We found that the use of conventional laboratory machines for HbA1c needed motivated human resources to follow the quality control procedures required. Performance improved after the introduction of POC devices. DM monitoring with HbA1c is a fairly new concept in SSA where there may be additional sources of error due to haemoglobinopathies or malaria [9], or high HIV prevalence [23, 24]. However, HbA1c measurement was a game-changer against the inconvenience of repeated blood sugar measurements and the poor correlation of these with good glycaemic control.
Patient empowerment
This concept involved enabling patients to acquire the knowledge and skills to understand and take responsibility for their own health. Individual and group counselling sessions for DM and HTN emphasised knowledge about glycaemic and blood pressure (BP) control. An active decision not to prioritise defaulter tracing was taken as resources were scarce and we considered there was no public health danger, contrary to contagious diseases such as HIV or TB. In the long run, we aim to differentiate services according to the needs of specific patient subgroups i.e. differentiated service delivery (DSDs) models. At the time of writing this report, DSDs are emerging at community and health facility level.

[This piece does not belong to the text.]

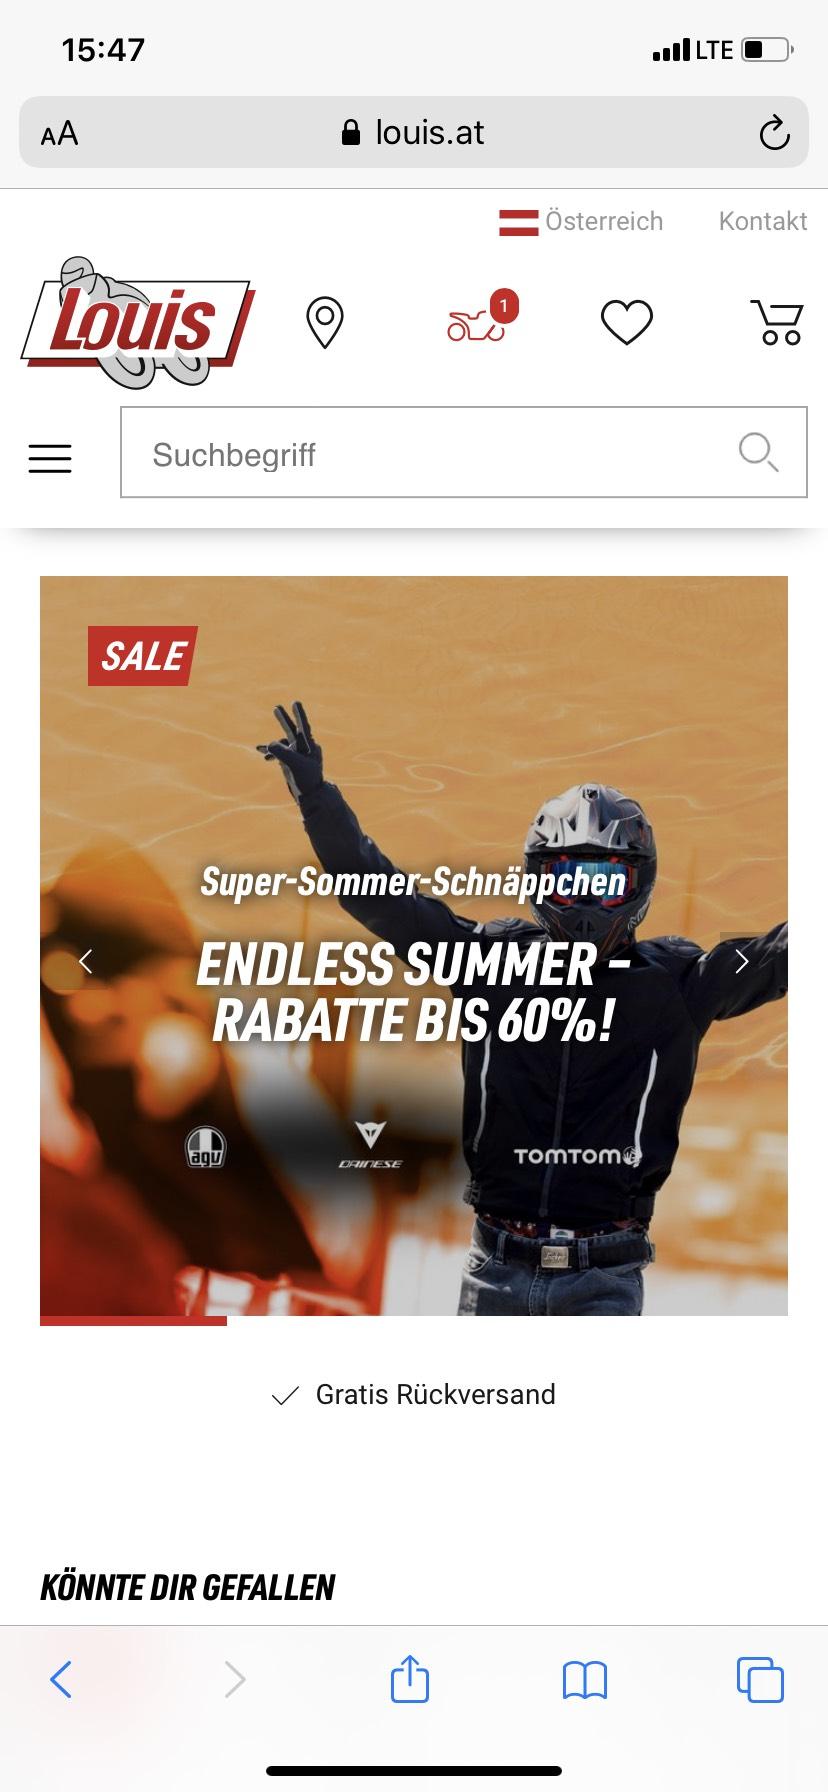 Louis Motorrad - Endless Summer Rabatte
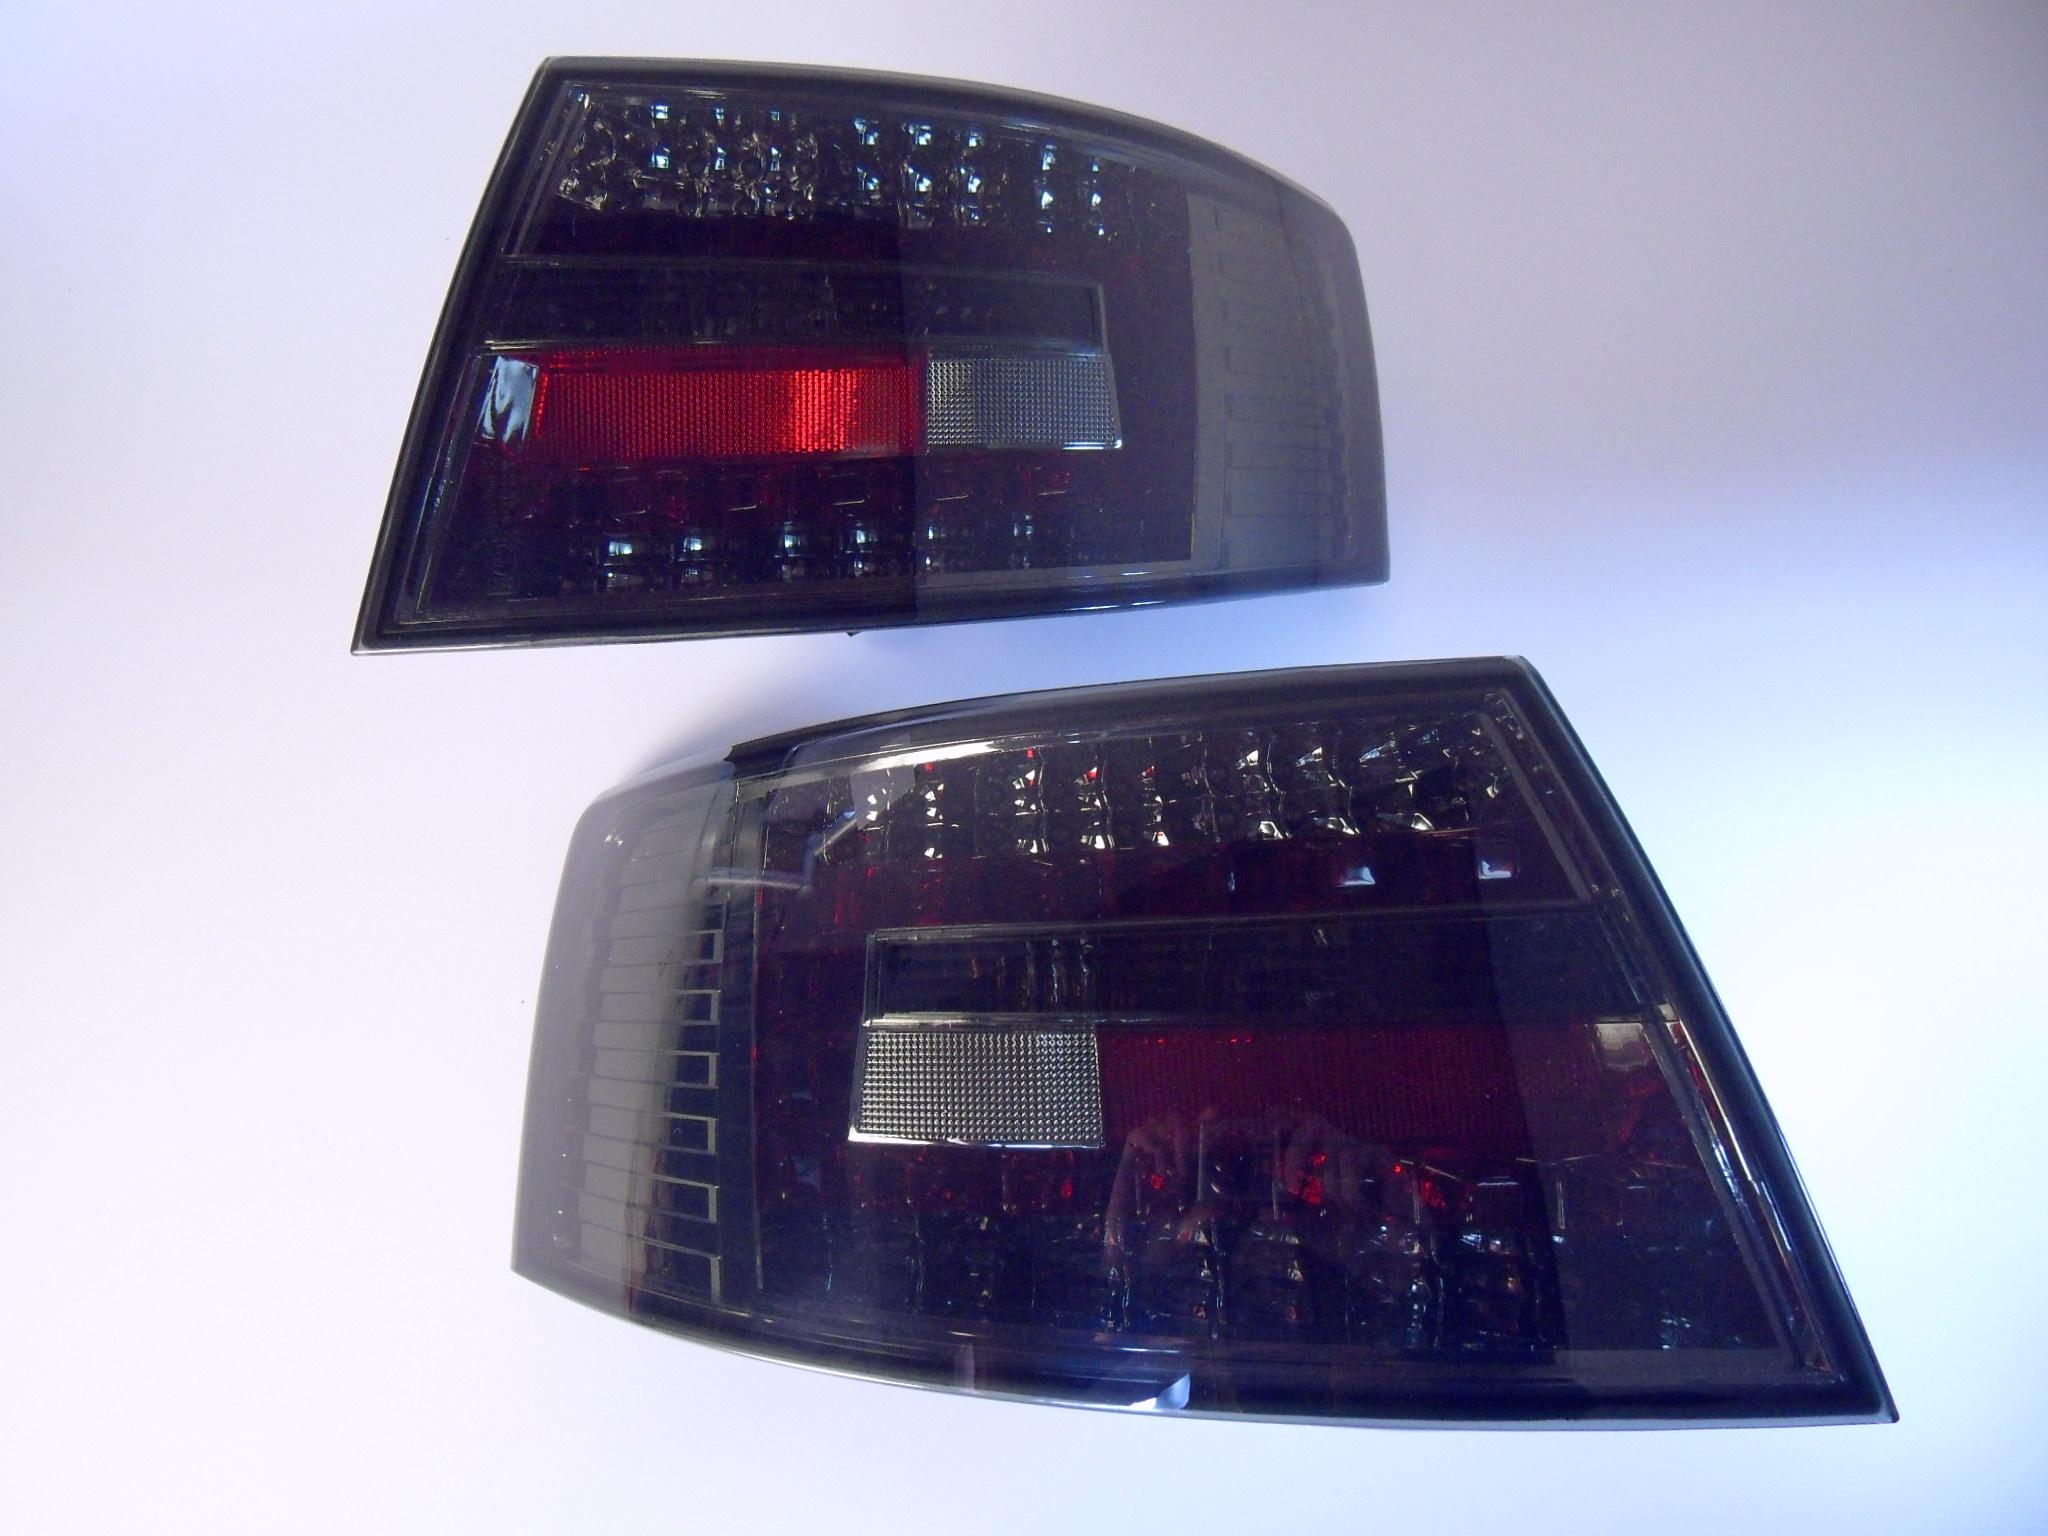 led r ckleuchten audi a6 4f limousine schwarz rauch glas. Black Bedroom Furniture Sets. Home Design Ideas

Dedicated monitoring and evaluation (M&E)
Before the programme started, there were no individual patient files for NCD patients.
Health facilities used improvised registers, which did not allow recording of information on follow up and treatment outcomes. There was likely substantial under-diagnosing and underreporting of NCDs.
We designed medical records inspired by the ART patient files and provided them at all sites. The files accommodated both identification numbers for HIV and DM/HTN to enable health workers to identify patients with co-existing conditions and to synchronize appointments. A set of indicators for monitoring and evaluation, following the standard cohort approach used in HIV/TB control programmes, were defined to measure service provision, case-enrolment, follow up, treatment results and retention in care (see Additional file 2). Data from patient clinical records were entered onsite or offsite into an electronic database by trained data encoders and were analysed during quarterly review meetings with mentees and managers for use in programmatic decision making. Further support for data evaluation was provided intermittently by MSF technical referents.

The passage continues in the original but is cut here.